How many of you have ever had a new veterinarian out to your place? You think you're scared!
One
of the hazards of a livestock veterinary practice is that it is the one
specialty in vet medicine where the client almost always knows more
than the new graduate veterinarian! Ya, see, in vet school we spent
years learning diseases and treatments. We were taught hundreds of
possible ailments that might afflict yer critters.
By
the time we finally escape and are turned loose on the unsuspecting
public, we are bursting with knowledge. They've packed it in our brains
like sand in a rat hole!
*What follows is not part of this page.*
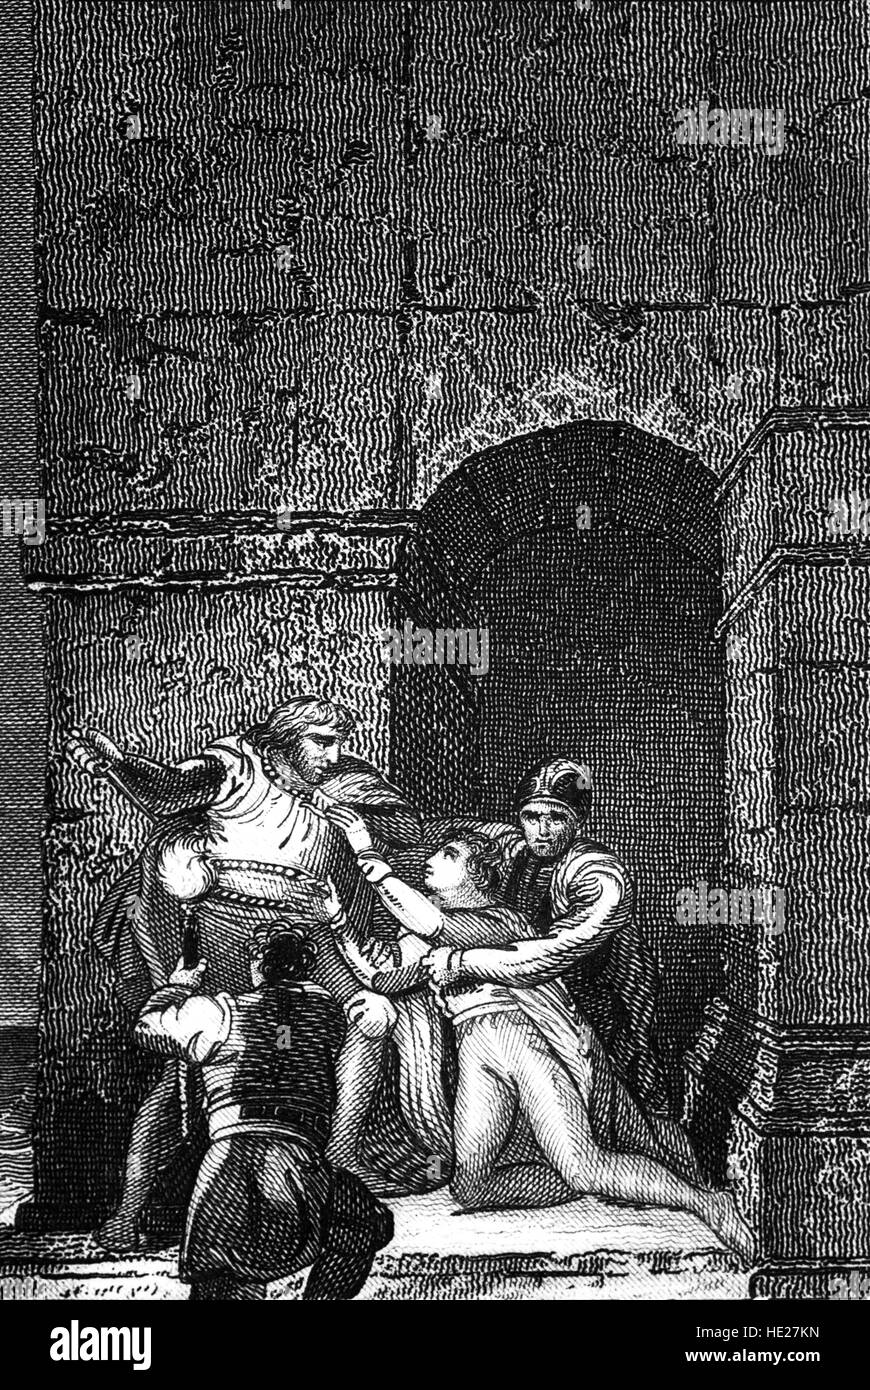 En 1190, le Prince Arthur (1187 - 1203) a été désigné héritier du trône d'Angleterre et son territoire français par son oncle, Richard I. L'intention étant qu'Arthur allait réussir Richard de préférence à Richard's jeune frère Jean. Cependant, Arthur a été capturé par le roi Jean et emprisonnés dans le château de Rouen, où il a été assassiné et jeté dans la Seine. Banque D'Images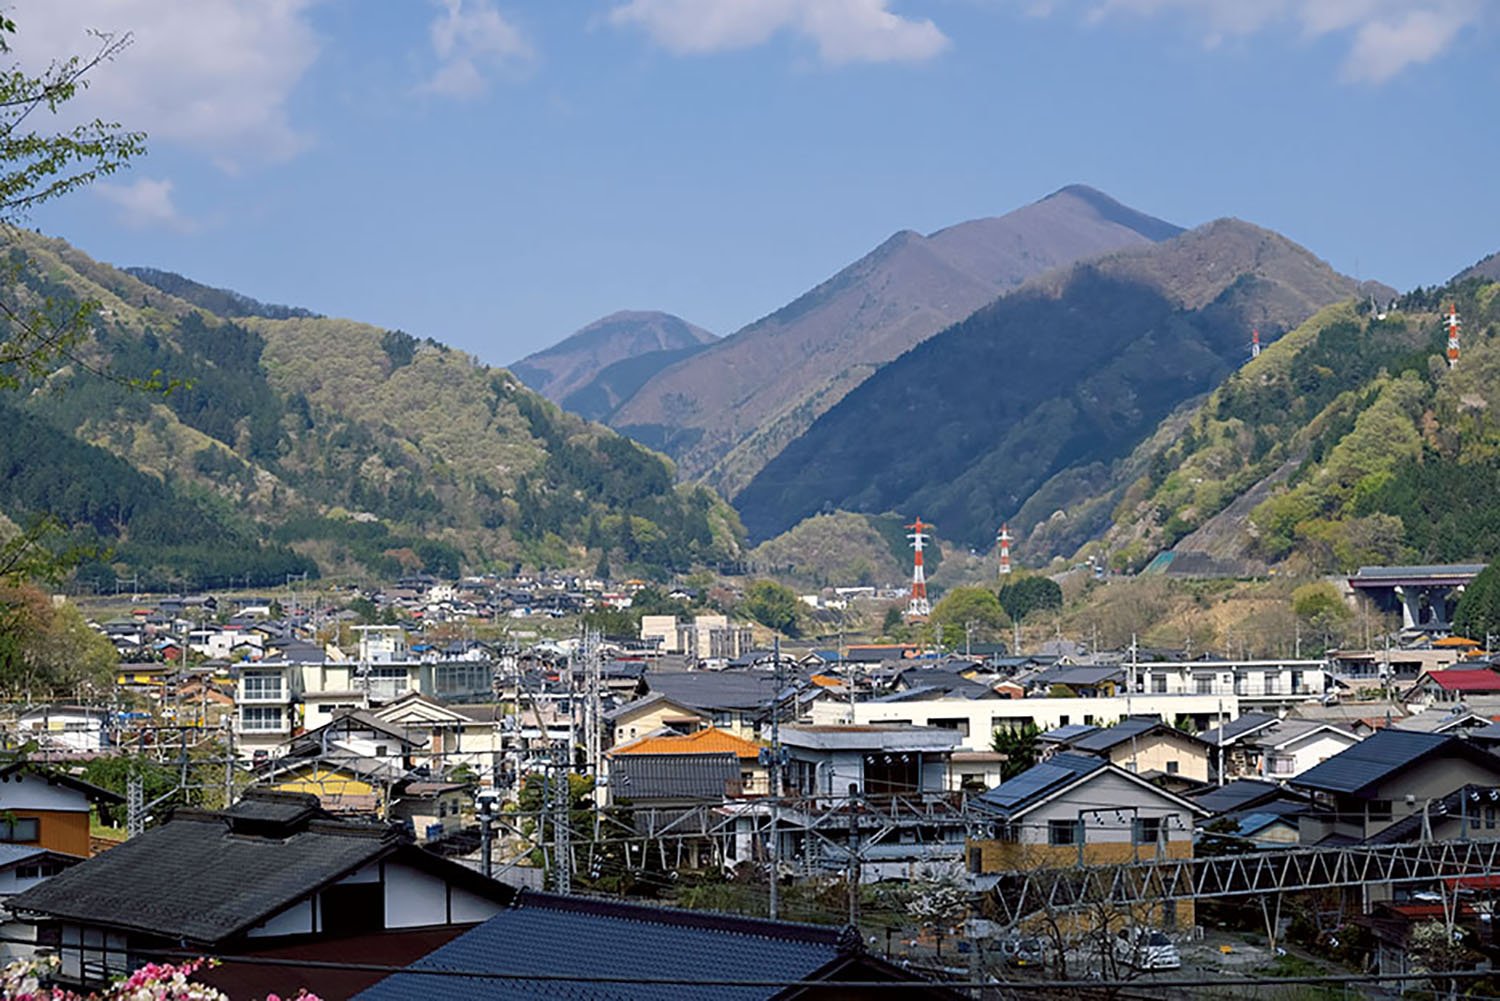 初狩駅から線路をくぐった先の自徳寺近くからの眺望。高い山は滝子山。

Only problem is, we haven't figgered out which
diseases get priority when we're tryin' to come up with a diagnosis.
Say
I was lookin' at a feedlot steer with a swollen foot. My brain would be
swimmin' with possibilities – ergot, frost bite, fractured sesamoids,
BVD, corns…While I'm sifting my computer-like memory bank for tests to
run to determine how to diagnose the limping steer, the feedlot cowboy
is shuffling his feet. It's the third steer like this he's pulled this
week and the 99th one he's seen in the last five years. He knows what it
is. The odds are in his favor.
Or
the rancher with an Anaplasmosis cow. He's seen hundreds of them. The
new vet's never seen one! Same with Erysipelas in hogs or bumblefoot in
sheep.
New livestock vets learn a lot their first year, thanks to the kindness and patience of many livestock producers.